He first survived a barrage of well-meant sympathy from the huge crowds and then remained sufficiently sensible, with the help of his good friend and Friday’s fourball partner, Lee Westwood, to turn back the challenge of one of America’s stellar pairings, Phil Mickelson and Chris DiMarco.

Europe won by one hole and as fate surely dictated it was Clarke who produced the shot that won the hole that went on to win the match. It came at the 16th, 555 yards of devilry that is often called the greatest par-5 in Ireland. Clarke was 254 yards from the pin for his second shot which, with a carry over the River Liffey that runs in front of the green, is a distance beyond most mortals. But Clarke is one of the longer hitters and, as the match was all square at the time, it seemed to him worth the gamble.

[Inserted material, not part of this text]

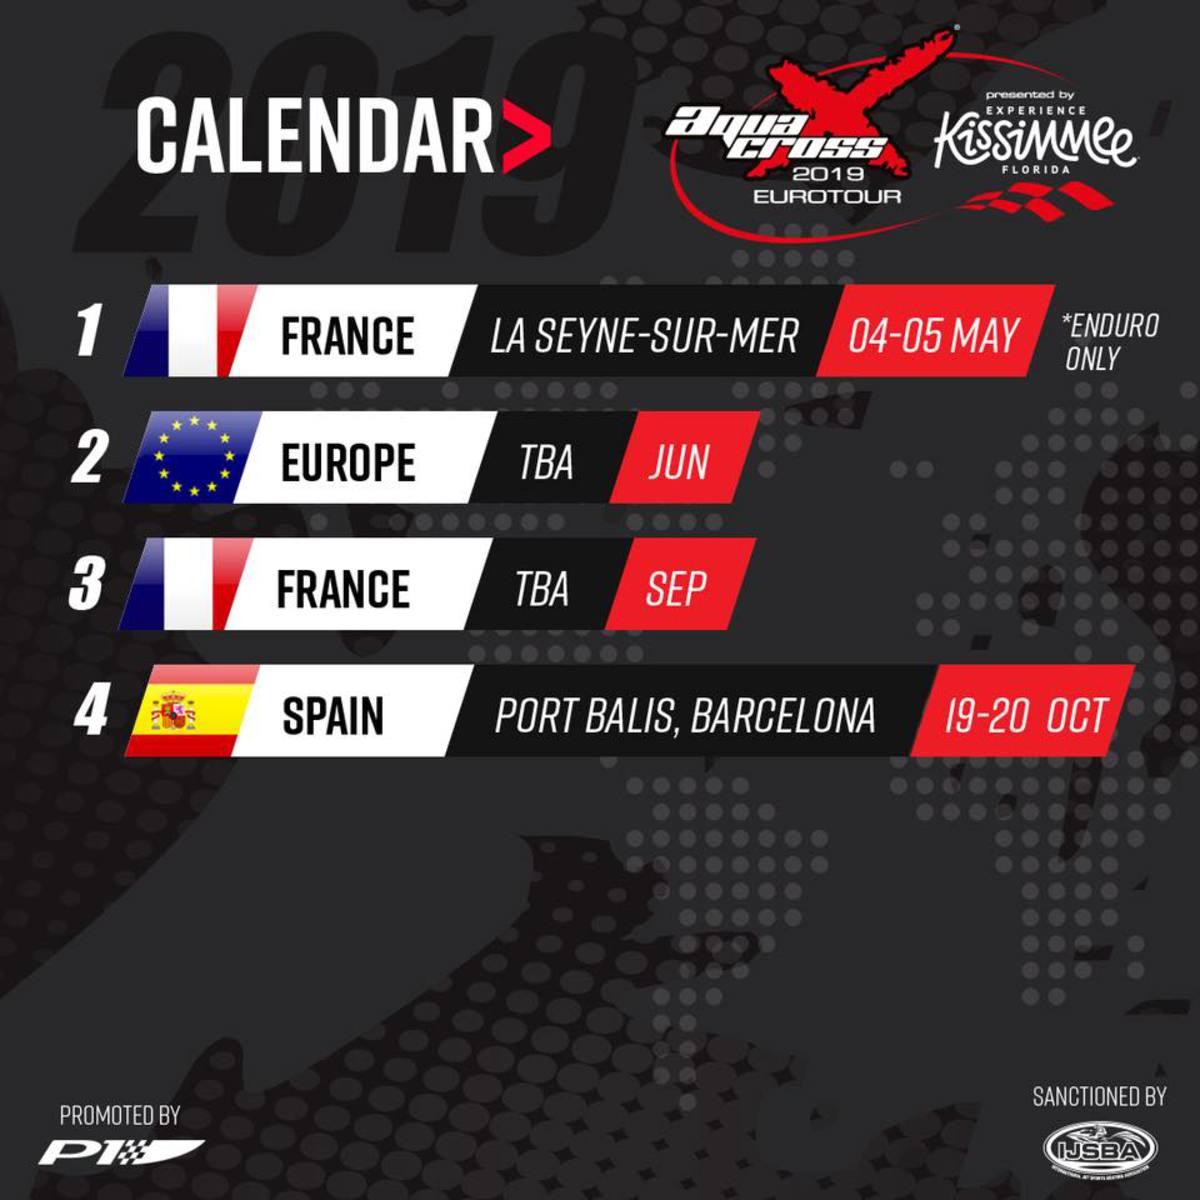 Race Calendar.P1 Announces Biggest Ever Race Calendar For 2019 P1 Aquax

“I decided I could cut a little five-wood in there,” the Ulsterman said, “and I hit almost the perfect shot.”

He carried the Liffey OK, hit the green and ran just to the side of the green, pin high. There had been tumultuous cheers for the Ulsterman as he walked to first tee; now they were repeated for the spectators knew that shot was good enough to win the hole, which it did.

Two holes later, the match was won and rarely, if ever, can one man have been so much hugged by so many. It had started on the first tee.

“Both Chris [DiMarco] and Phil [Mickelson] gave me a hug,” said Clarke “and that’s what the Ryder Cup is about, not animosity.”

Asked if he had been able to control his emotions at that point, Westwood, a solid Worksop man, cut in. “Oh yeah,” he said, “he only goes and smashes his tee shot 340 yards down the middle and birdies the hole.”

There was more of the same at the 18th. A hug from his partner, from his opponents, the caddies, sundry officials and even Mickelson’s wife Amy.

Somehow it felt removed from cheap sentimentality. Clarke was honouring his wife, Heather, who throughout her long illness had wanted him to go and play.

And the big man himself? How did he feel on the 18th? “I experienced emotions,” he said, “that I hope none of you ever have to have.”